1 For purposes of this guidance, ‘‘affiliate’’ of a depository institution means any company under common control with, or controlled by, that depository institution. ‘‘Under common control’’ means that another company (1) directly or indirectly or acting through one or more other persons owns, controls, or has the power to vote 25 percent or more of any class of the voting securities of the company and the depository institution; or (2) controls in any manner the election of a majority of the directors or trustees of the company and the depository institution. ‘‘Controlled by’’ means that the depository institution (1) directly or indirectly has the power to vote 25 percent or more of any class of the voting securities of the company; or (2) controls in any manner the election of a majority of the directors or trustees of the company. See, e.g., 12 U.S.C. § 1841(a)(2).

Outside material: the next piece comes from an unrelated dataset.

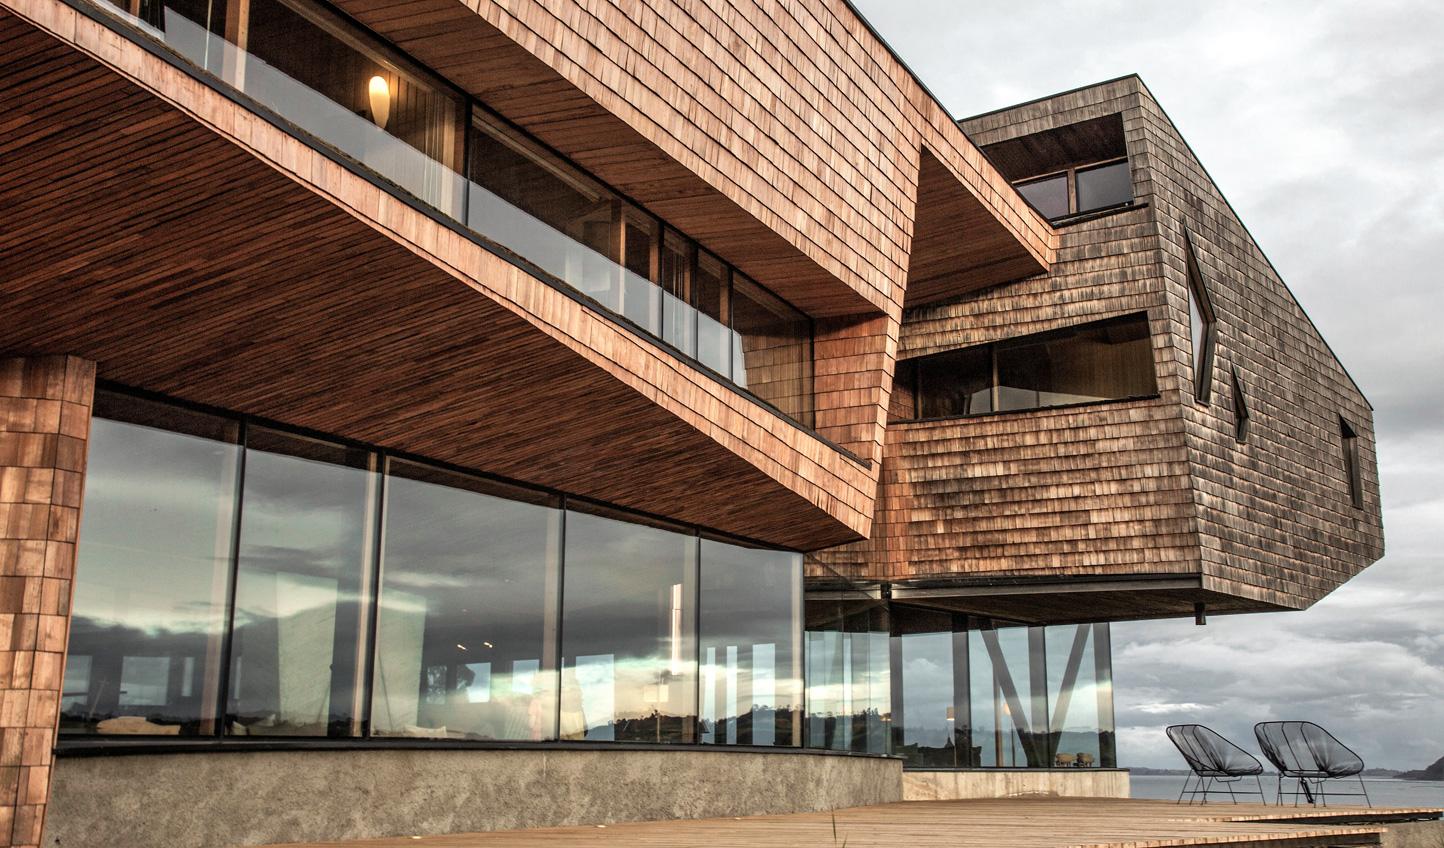 Striking modern design at Tierra Chiloé

2 See 31 U.S.C. § 5318(g)(2).
3 See 31 CFR § 103.18(e).
4 See the Final Rule published in this same separate part of today’s Federal Register.
5 Interagency Guidance, “Sharing Suspicious Activity Reports with Head Offices and Controlling Companies” (January 20, 2006).
6 See supra note 5.
7 See 31 CFR §§ 103.15 to 103.21. See also, 12 CFR § 208.62 (FRB); 12 CFR § 353.3 (FDIC); 12 CFR § 748.1 (NCUA); 12 CFR § 21.11 (OCC); and 12 CFR § 563.180 (OTS).
8 Because foreign branches of U.S. banks are regarded as foreign banks for purposes of the BSA, under this guidance, they are “affiliates” that are not subject to a SAR regulation. Accordingly, a U.S. bank that has filed a SAR may not share the SAR, or any information that would reveal the existence of the SAR, with its foreign branches.